▸ **Task**
The lines to be extracted begin at the line containing "Emporio Armani Kadın" and end at the last line of the data below; copy them exactly and leave out the pictures.

##### Exercise data #####

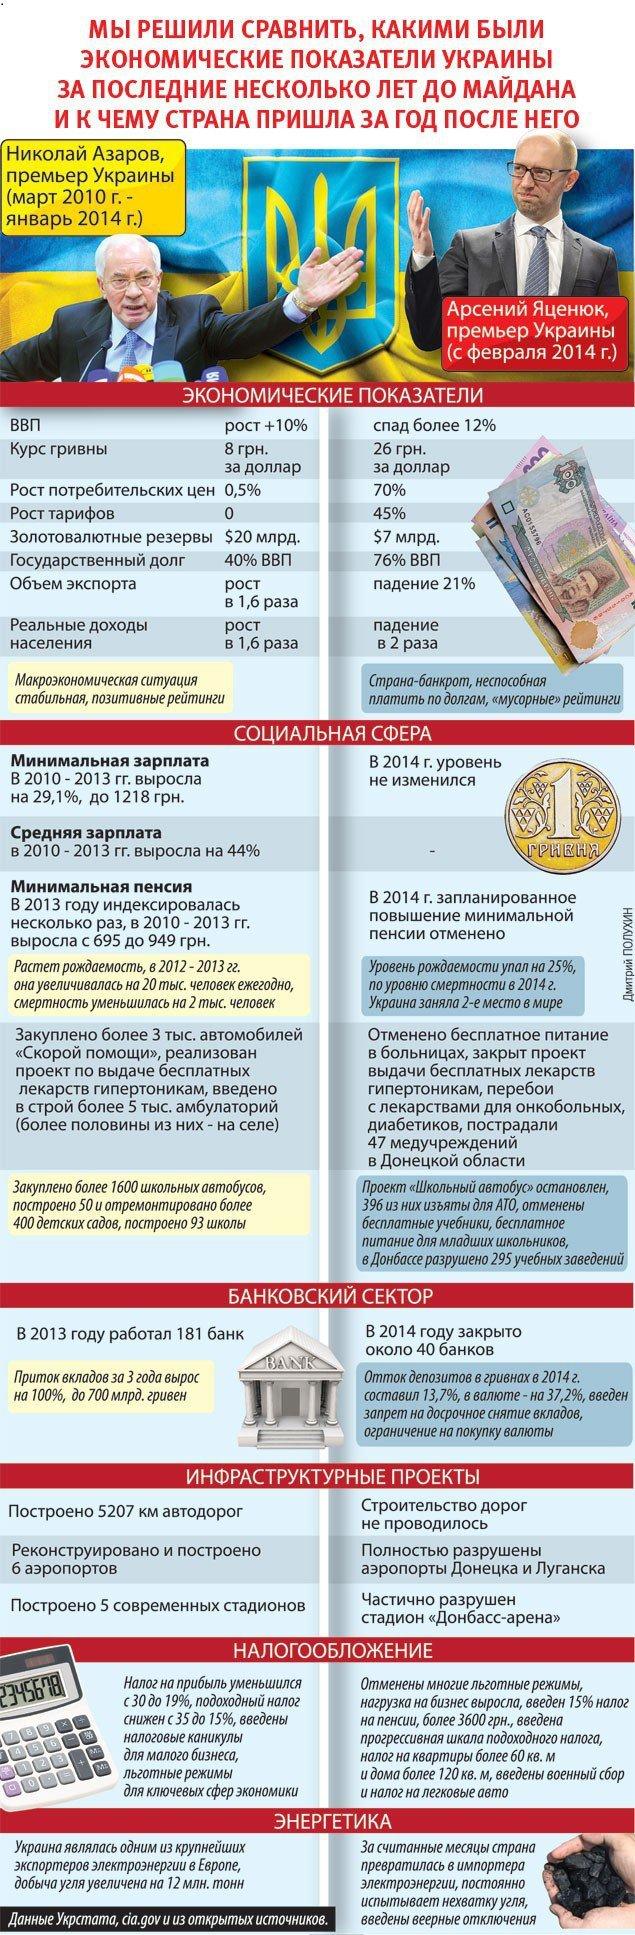 Майдан: К чему Украина пришла за год. Азаров против Яценюка
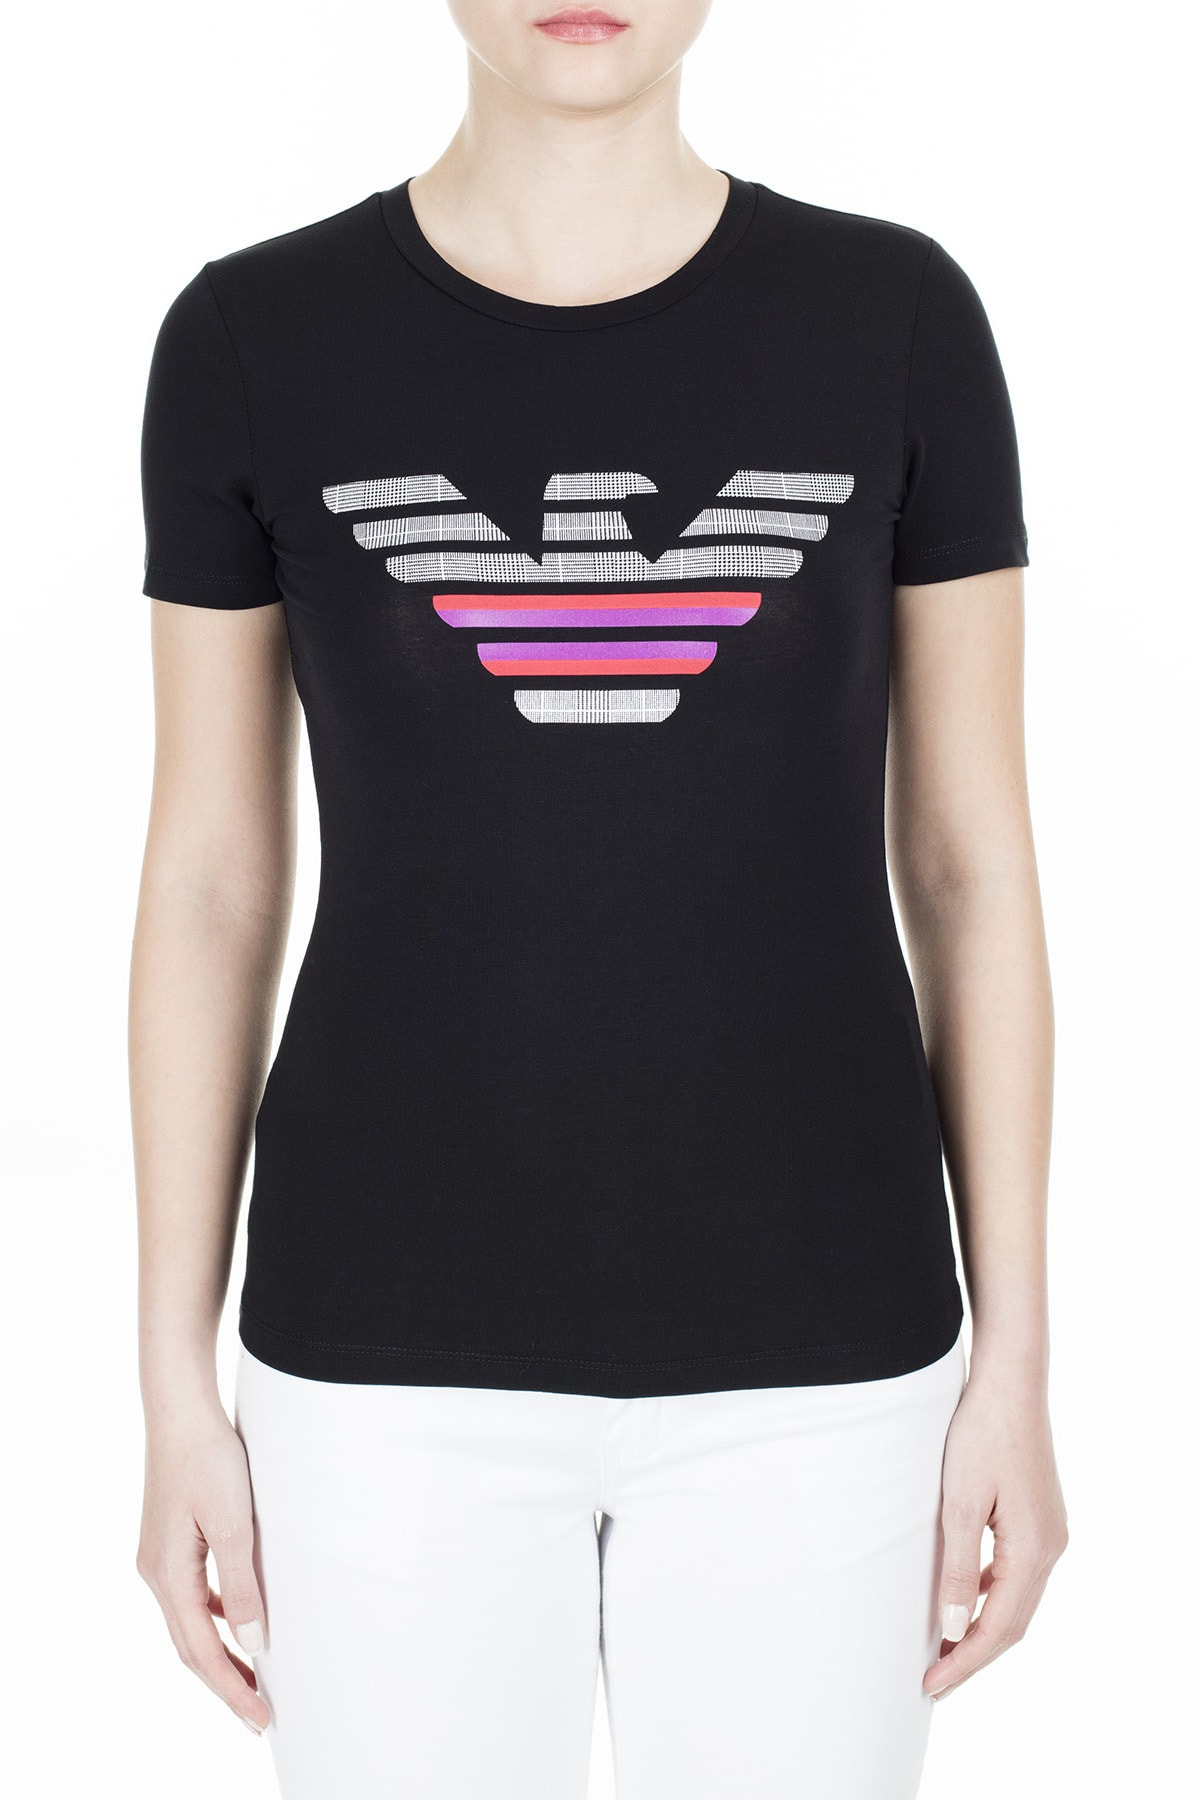 Emporio Armani Kadın Siyah T-Shirt 3H2T8A 2J07Z 0999
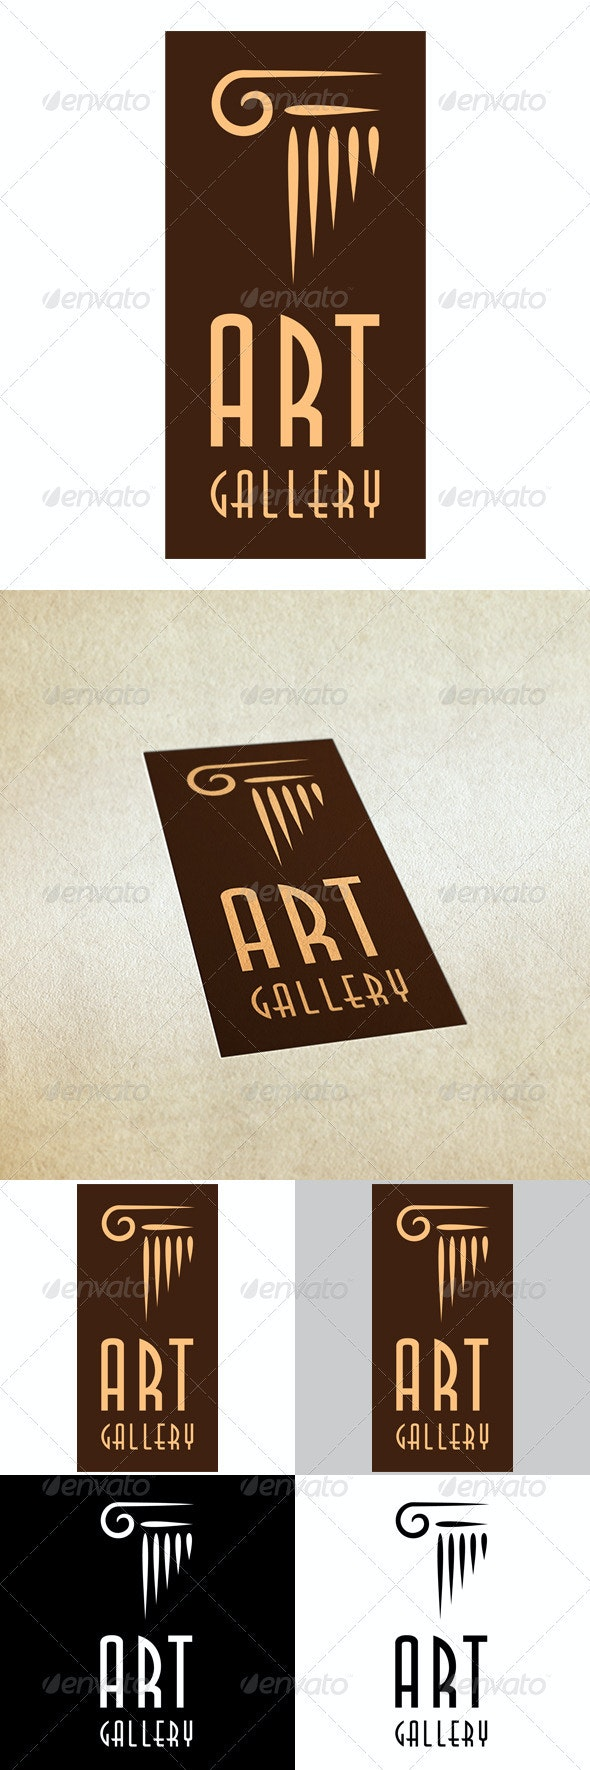 Art Gallery - Vector Abstract
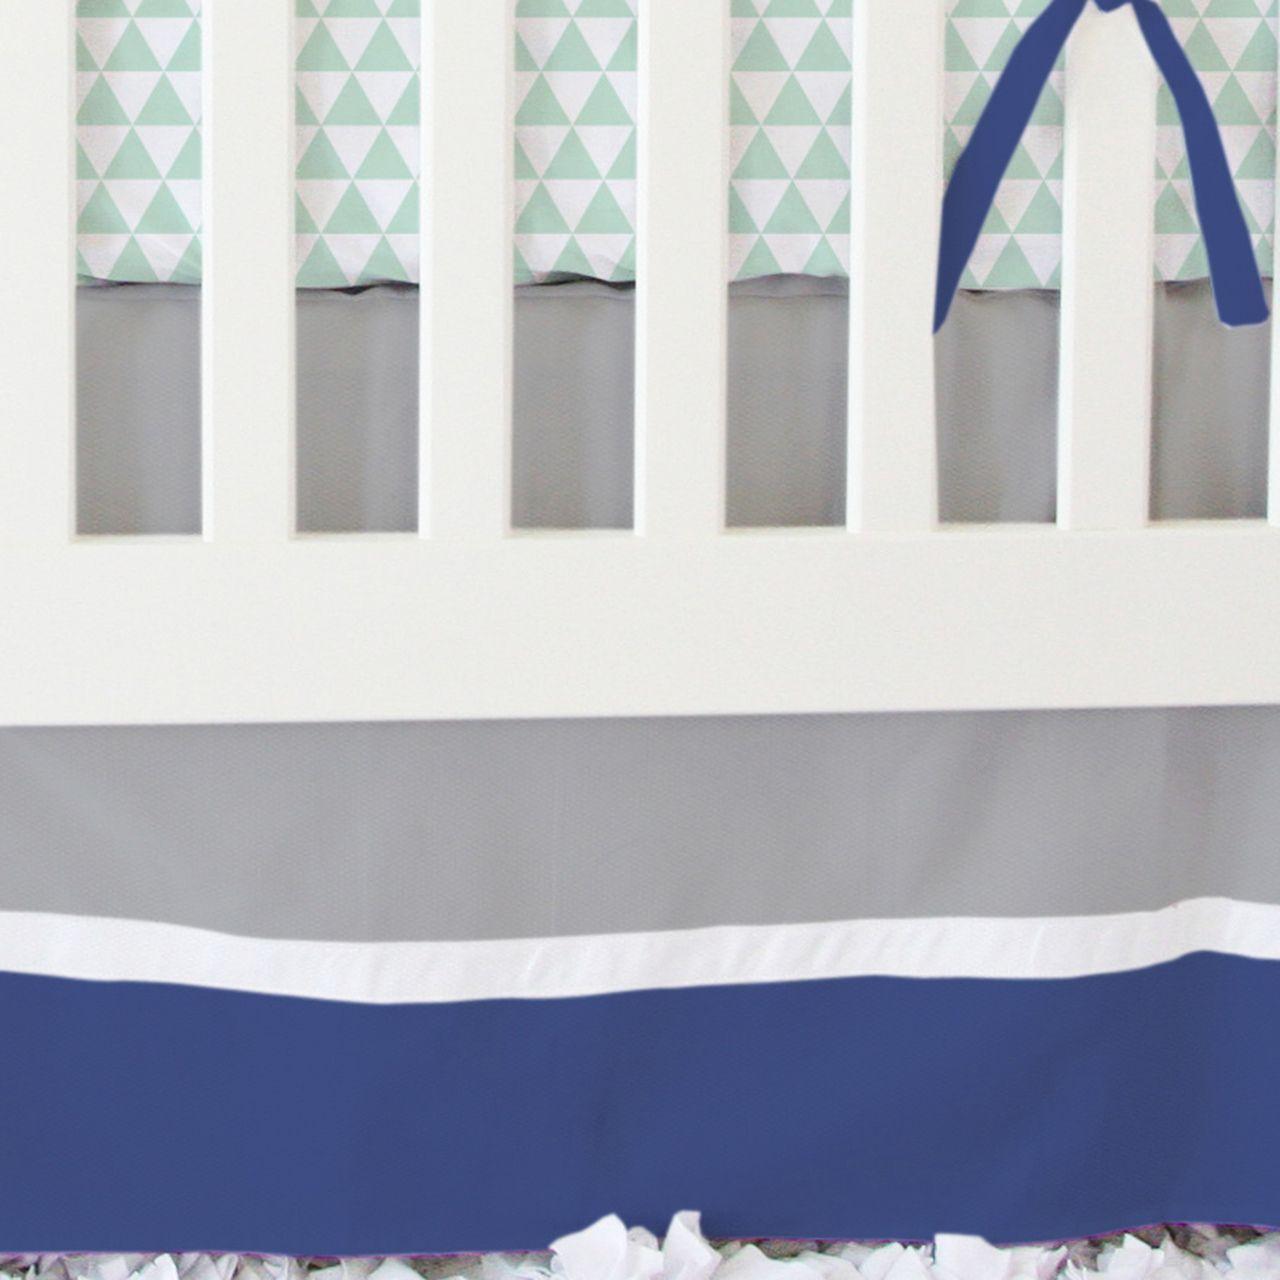 Caden Lane Baby Bedding - Navy and Mint Arrow Bumperless Crib Bedding, $172.00 (http://cadenlane.com/navy-and-mint-arrow-bumperless-crib-bedding/)

#####

▸ **Exercise output**
 Emporio Armani Kadın Siyah T-Shirt 3H2T8A 2J07Z 0999
 Art Gallery - Vector Abstract
 Caden Lane Baby Bedding - Navy and Mint Arrow Bumperless Crib Bedding, $172.00 (http://cadenlane.com/navy-and-mint-arrow-bumperless-crib-bedding/)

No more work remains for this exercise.